Every line below is to be given again precisely; images are to be left out.

- [Information provided]:
┏━━

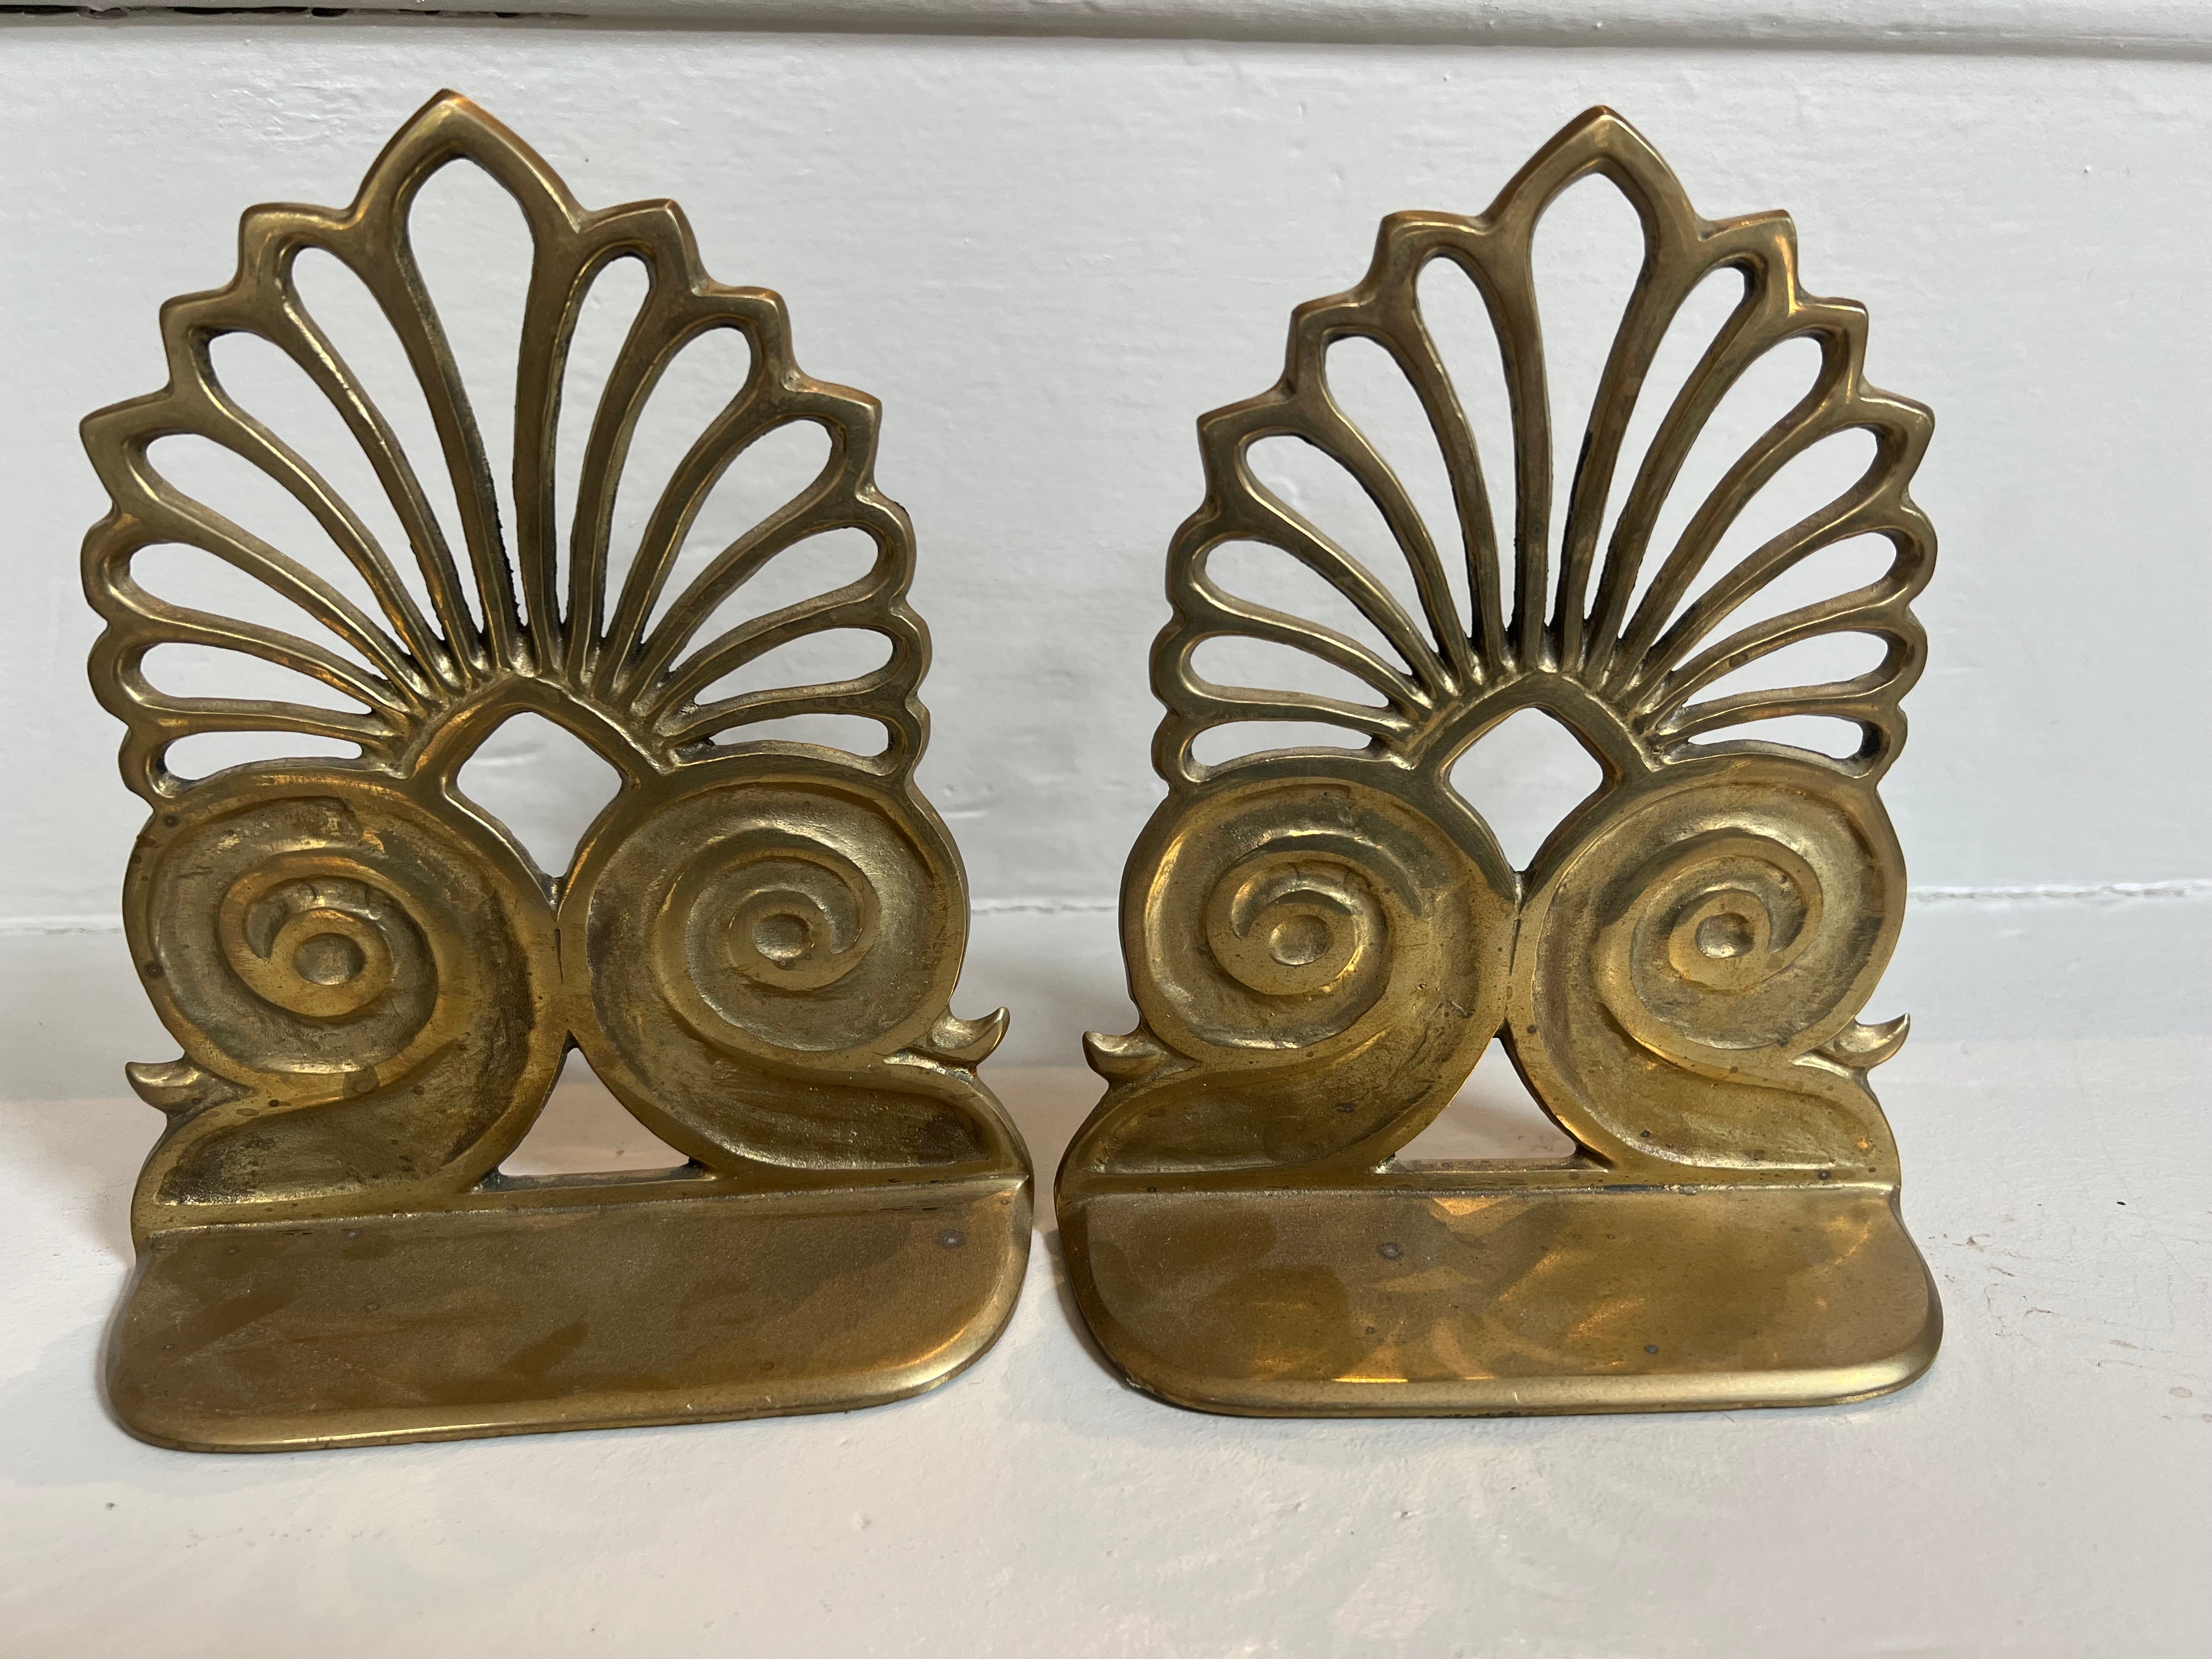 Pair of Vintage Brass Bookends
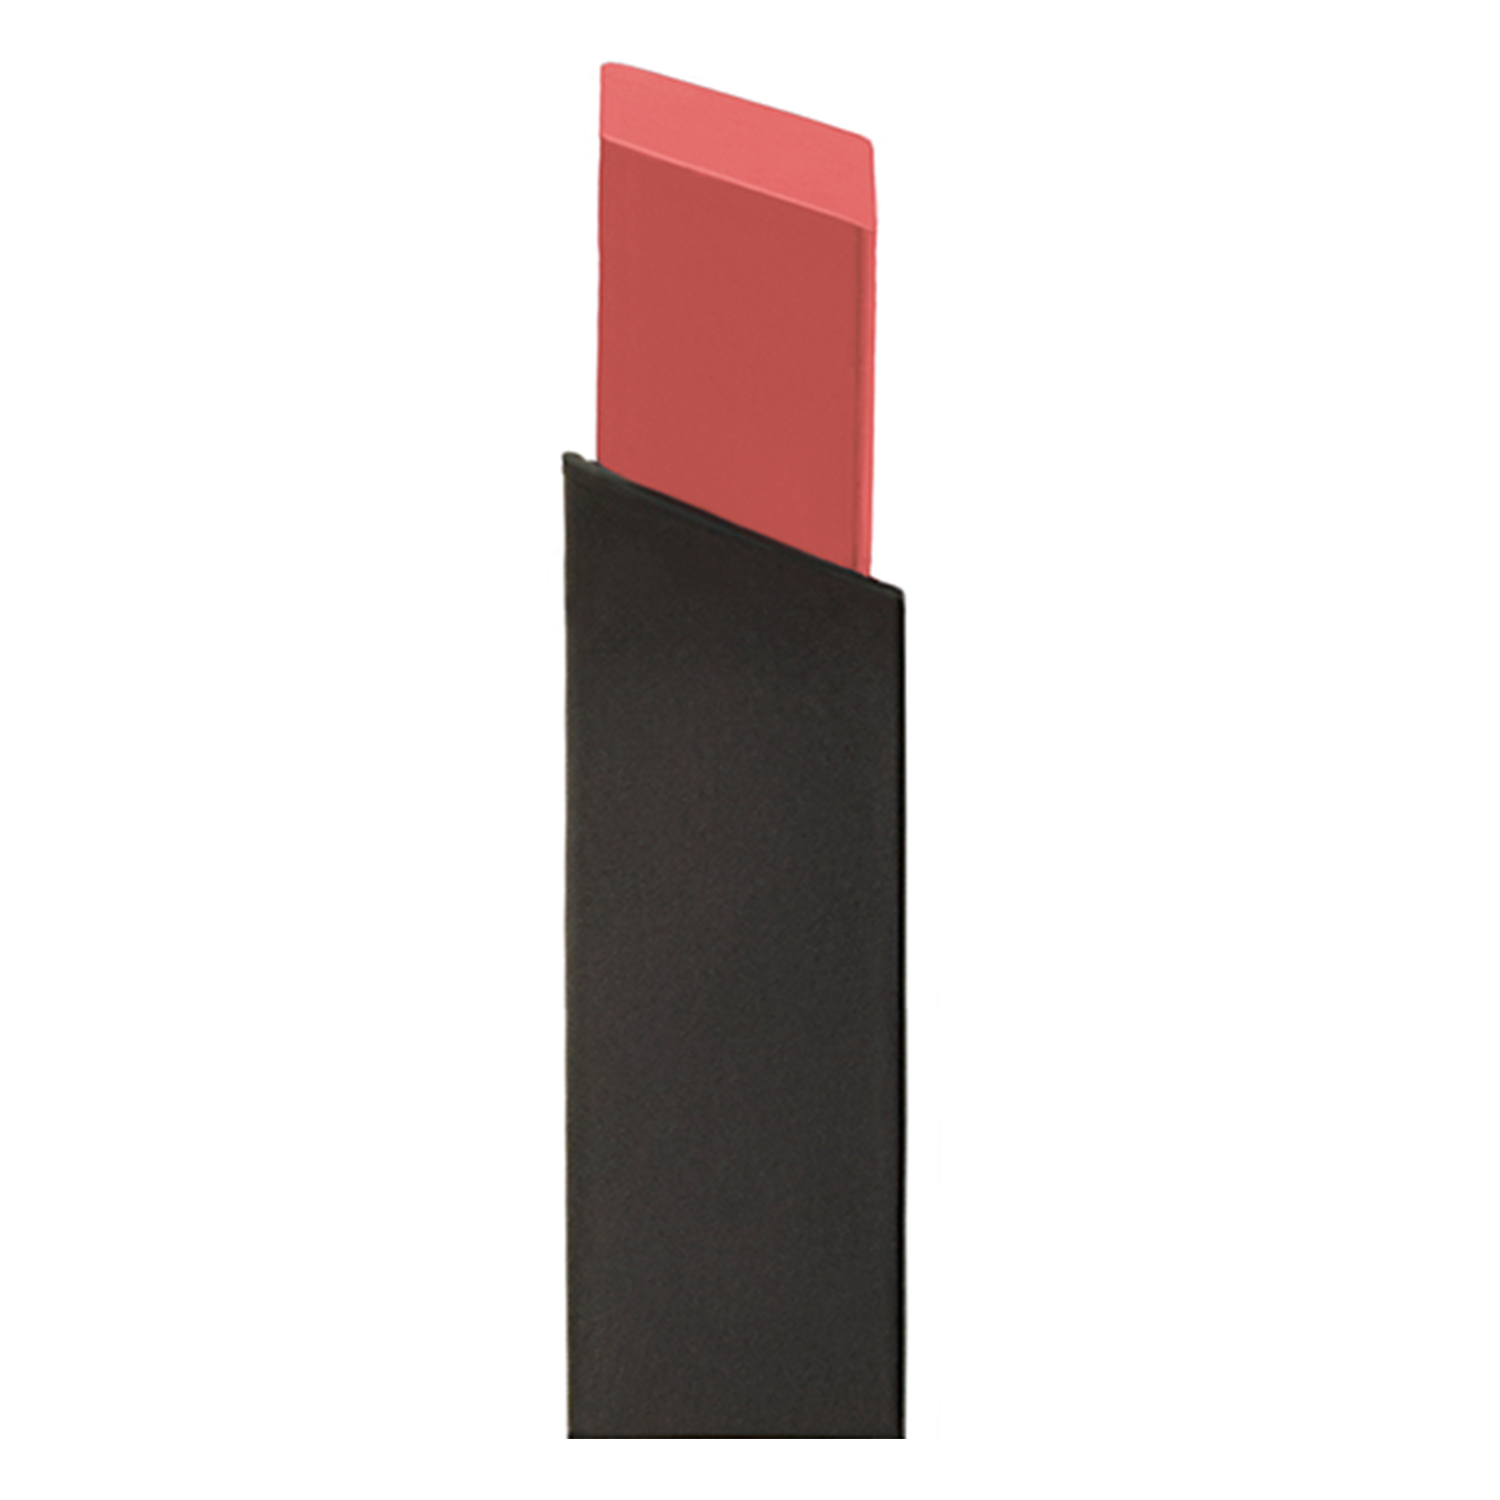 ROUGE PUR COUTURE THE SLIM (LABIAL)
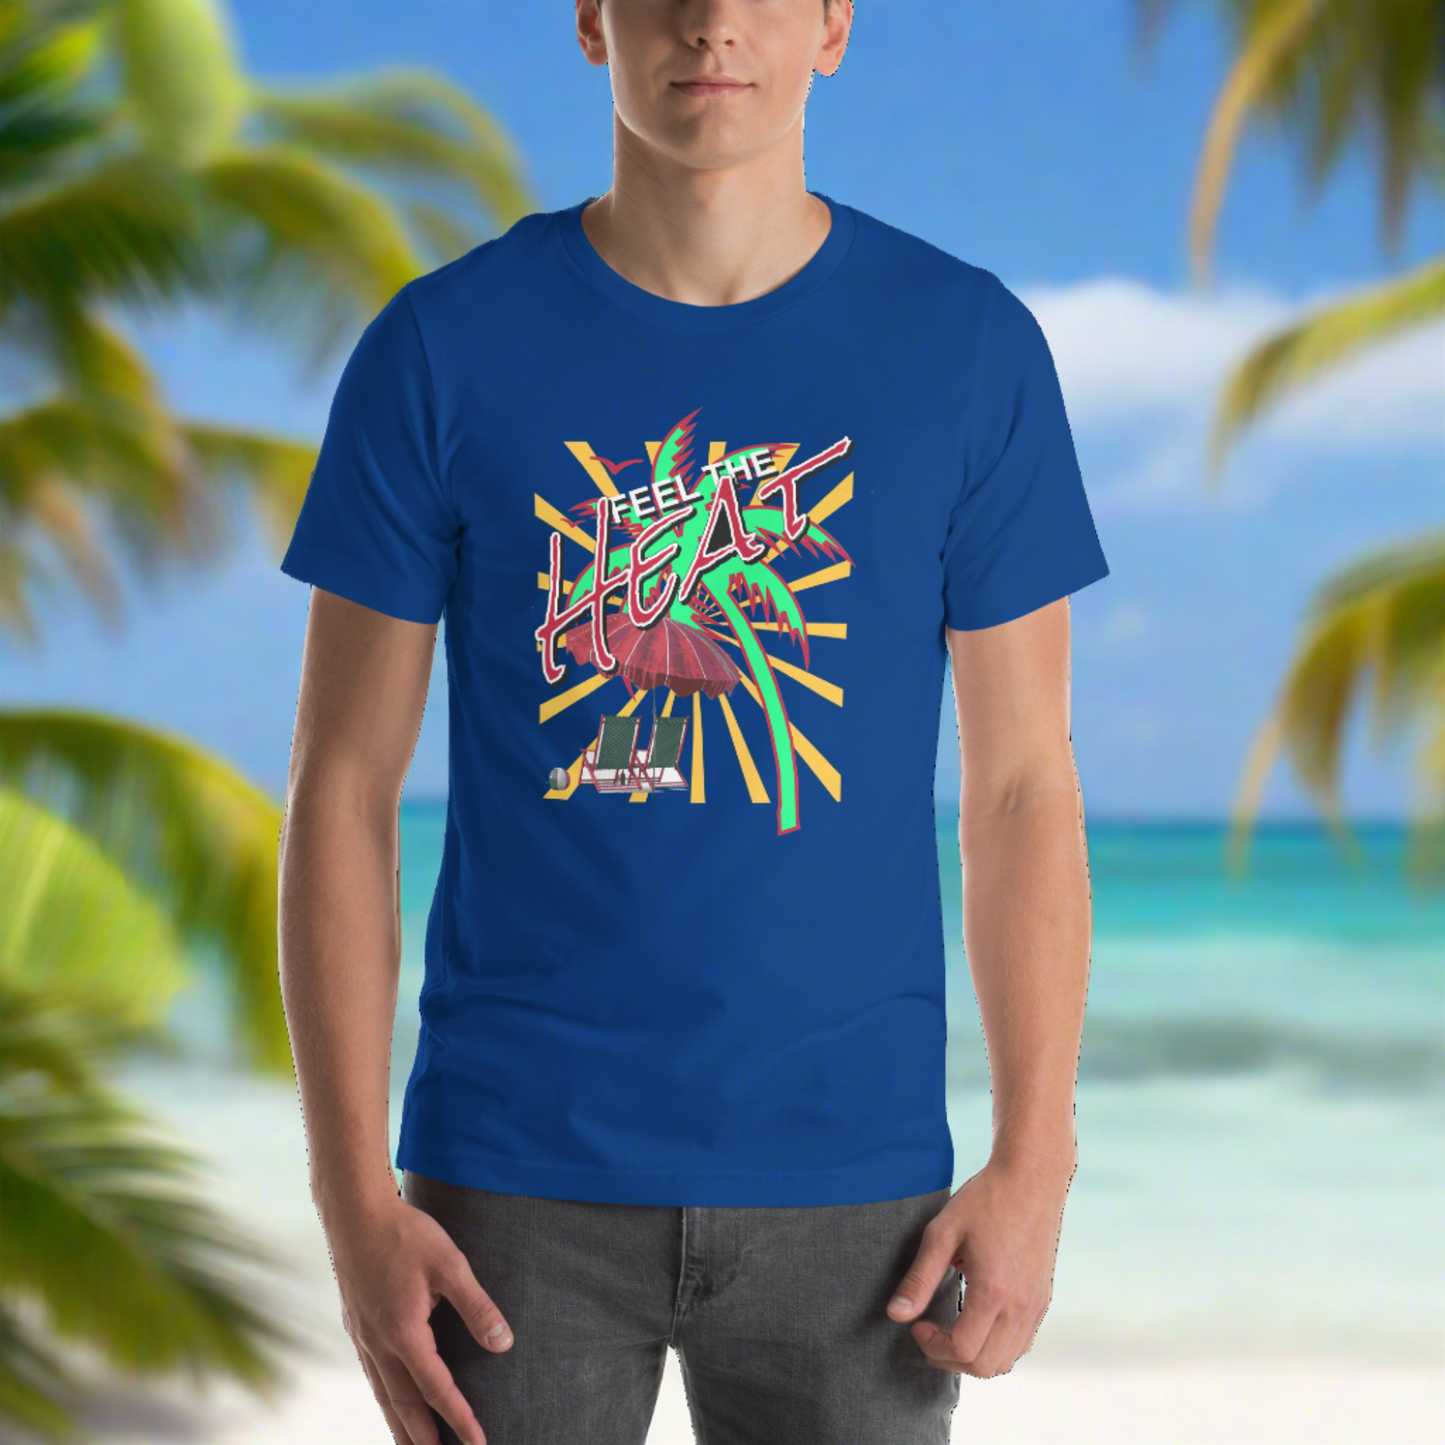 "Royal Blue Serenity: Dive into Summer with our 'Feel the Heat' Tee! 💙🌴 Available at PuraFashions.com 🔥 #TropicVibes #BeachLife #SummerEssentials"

┗━━

- [Task result]:
 Pair of Vintage Brass Bookends
 ROUGE PUR COUTURE THE SLIM (LABIAL)
 "Royal Blue Serenity: Dive into Summer with our 'Feel the Heat' Tee! 💙🌴 Available at PuraFashions.com 🔥 #TropicVibes #BeachLife #SummerEssentials"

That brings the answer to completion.